I received a call from VRI trying to talk me into buying a lifetime membership in the VRI*ety Plus program.  Does anybody know anything about this Plus program?  

The cost was $1498 for a lifetime membership and I would receive various freebies to essentially offset the cost.  The rep really tried to sell me on the use of this program to get discounted hotels and resort (timeshare) rooms.  

As always, when the rep tells you things that sound too good to be true, they normally aren't true.  Anybody have any experience with this program?  Thanks.  Tim


----------



## Laurie (May 6, 2010)

What he meant was, it would take you a lifetime to chase discounts to offset the cost - if that's how you really want to spend your remaining time on earth ...

I got the same call some months ago, and pried the guy for actual information, about which he was less than forthcoming - but what I did finally get led me to the assessment that no, not worth it, not by a long shot.


----------



## Texasbelle (Jun 1, 2010)

Received my call yesterday.  It sounds a lot like a travel club.  I am not paying anything extra to VRI or RCI for enhanced programs.  We own several timeshares with various styles, for example: fixed weeks, floating weeks, and points through the timeshare [not RCI].  If one had only one timeshare, one might need extra vacations.  I still wouldn't pay $14++.


----------



## Ddee555 (Jun 2, 2010)

*VRI*ety Plus website*

I inquired on VRI*ety Plus a few weeks ago and for 24 hours, they gave me temporary access to their VRI*ety Plus website.  And the website was mediocre at best.

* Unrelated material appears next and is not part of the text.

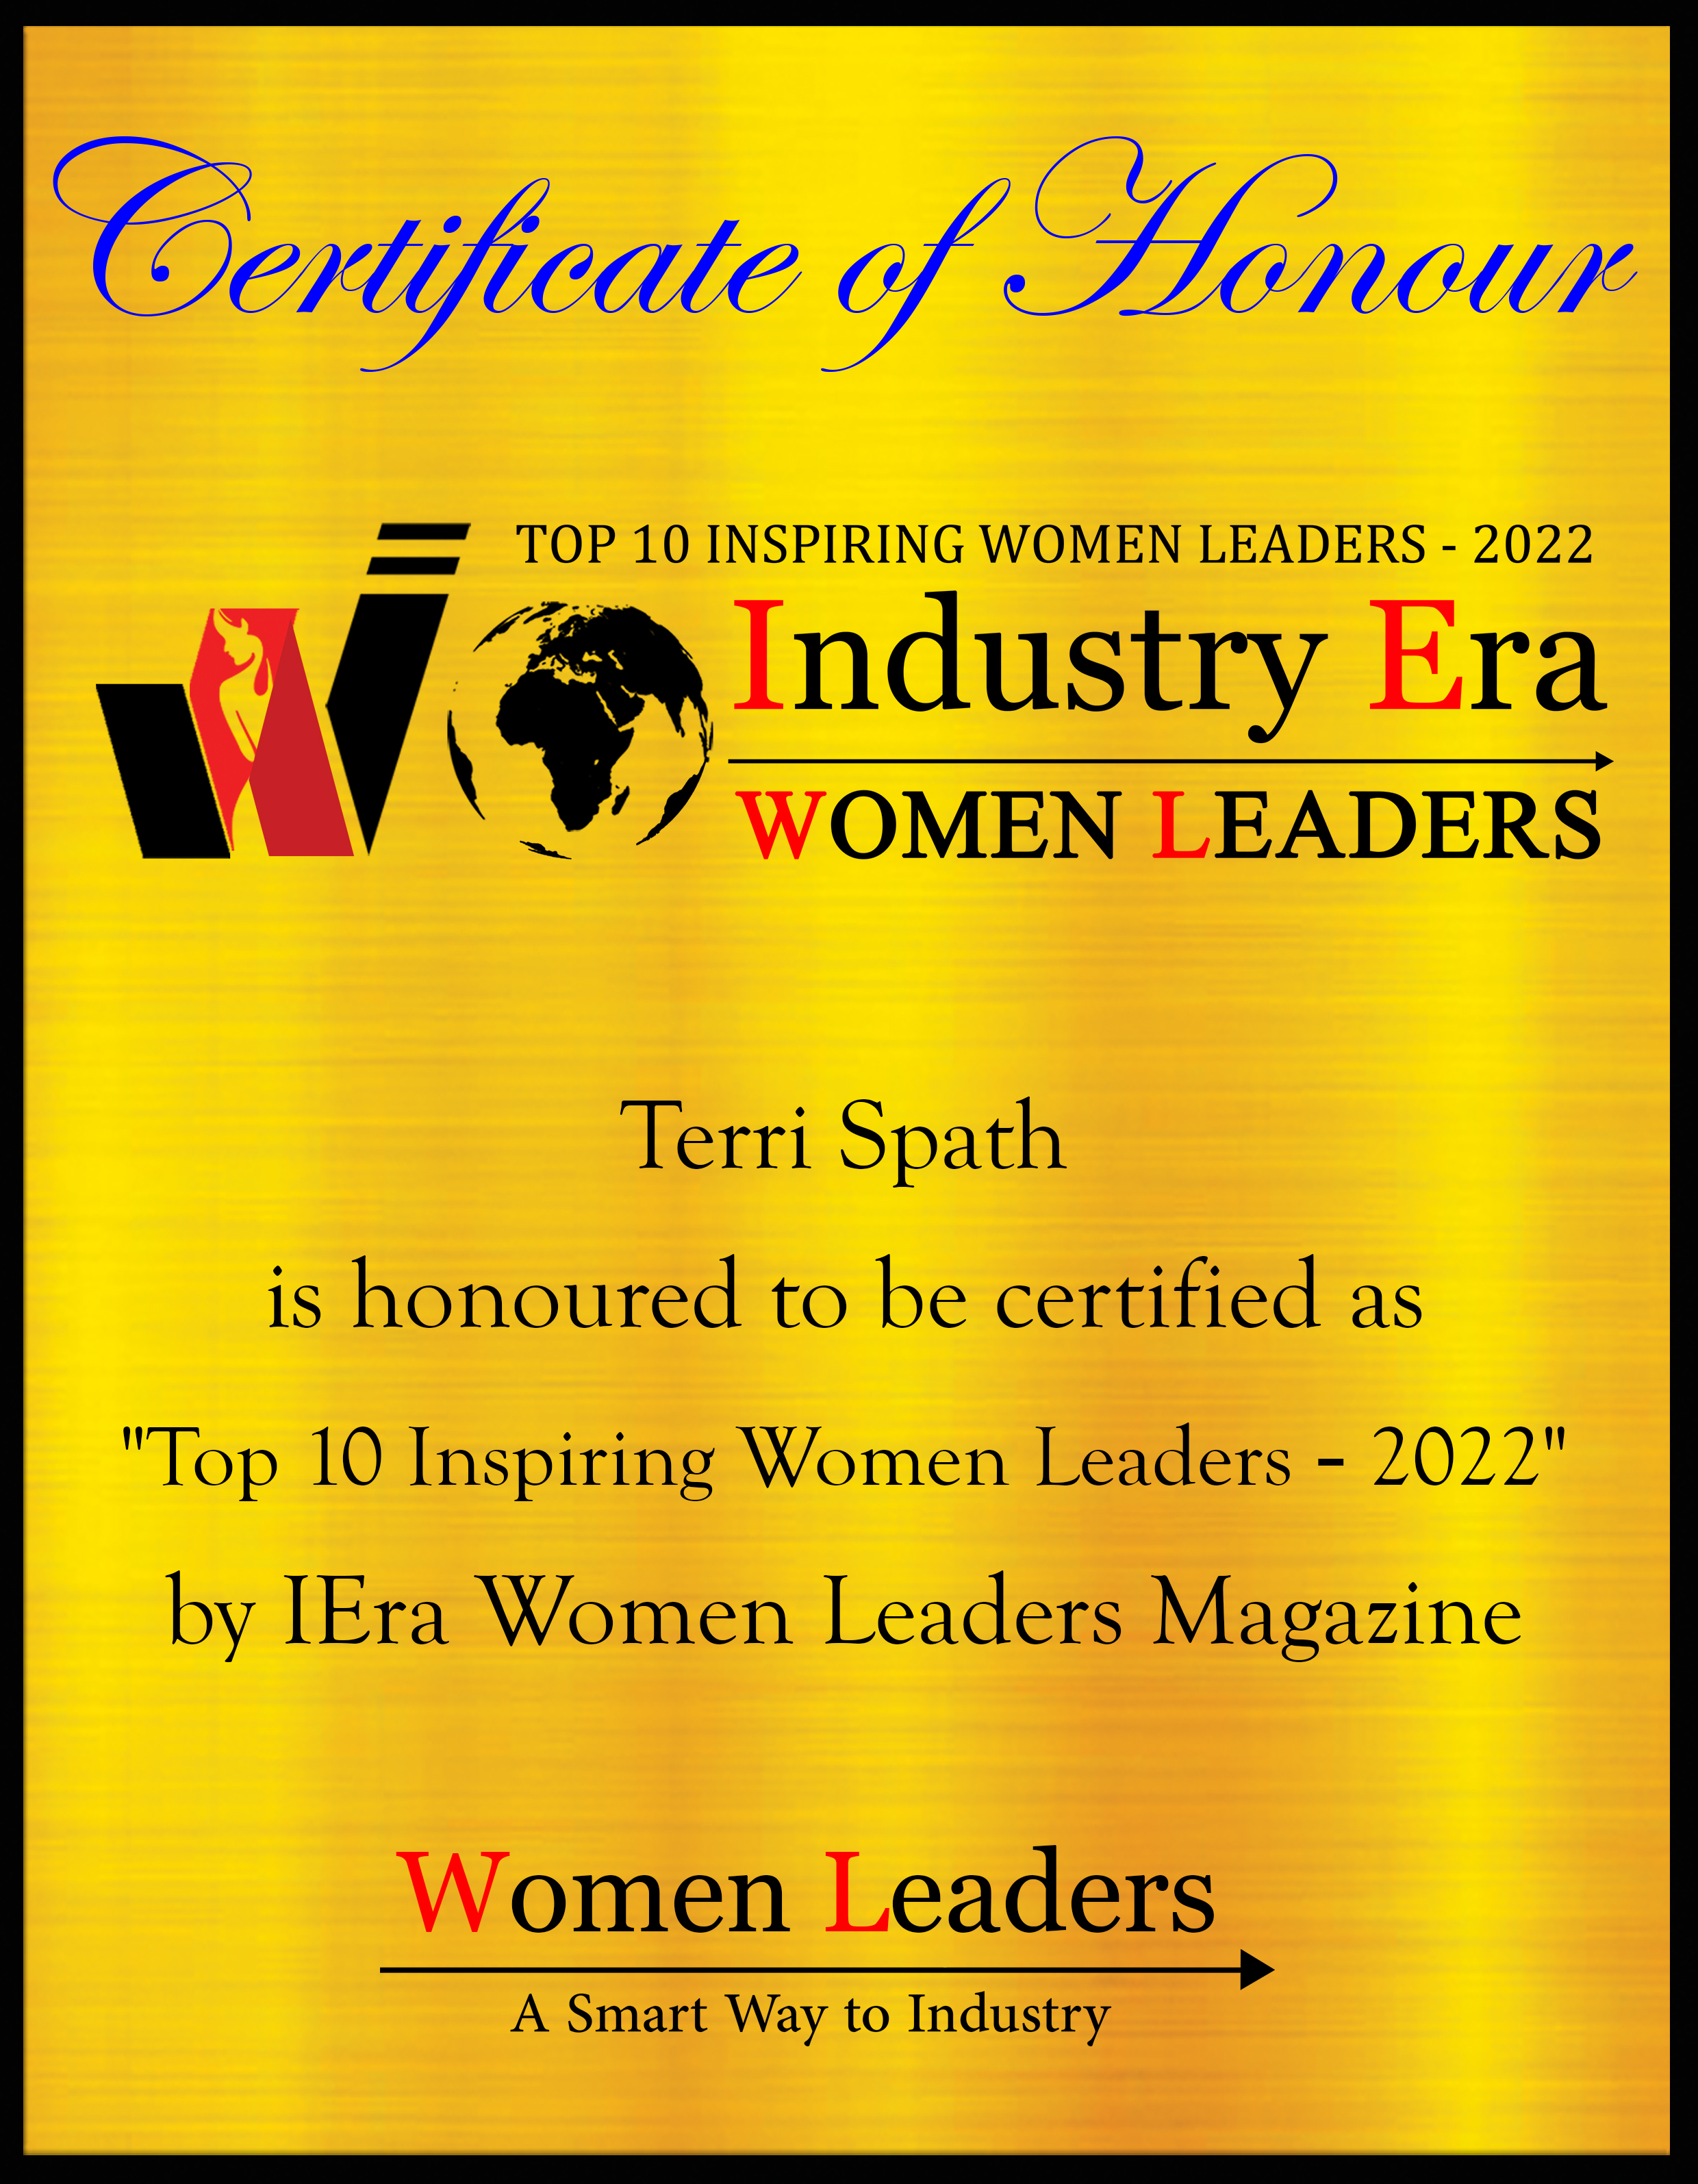 Terri Spath, CFA, CFP Founder & Chief Investment Officer of ZumaWealth, Top 10 Inspiring Women Leaders of 2022

Many of the transactions, like trading your timeshare for a cruise or a tour, you have to do by phone and not online, which I was disappointed on (I like to compare).  And the rates they charged for such trips were too expensive--II is the better choice for cruises, in comparison to RCI or VRI*ety Plus.  Also, they did have last minute deals for great prices, but they weren't really to places that I would likely go.

In my humble opinion, it was definitely not worth the price they were charging for lifetime membership.


----------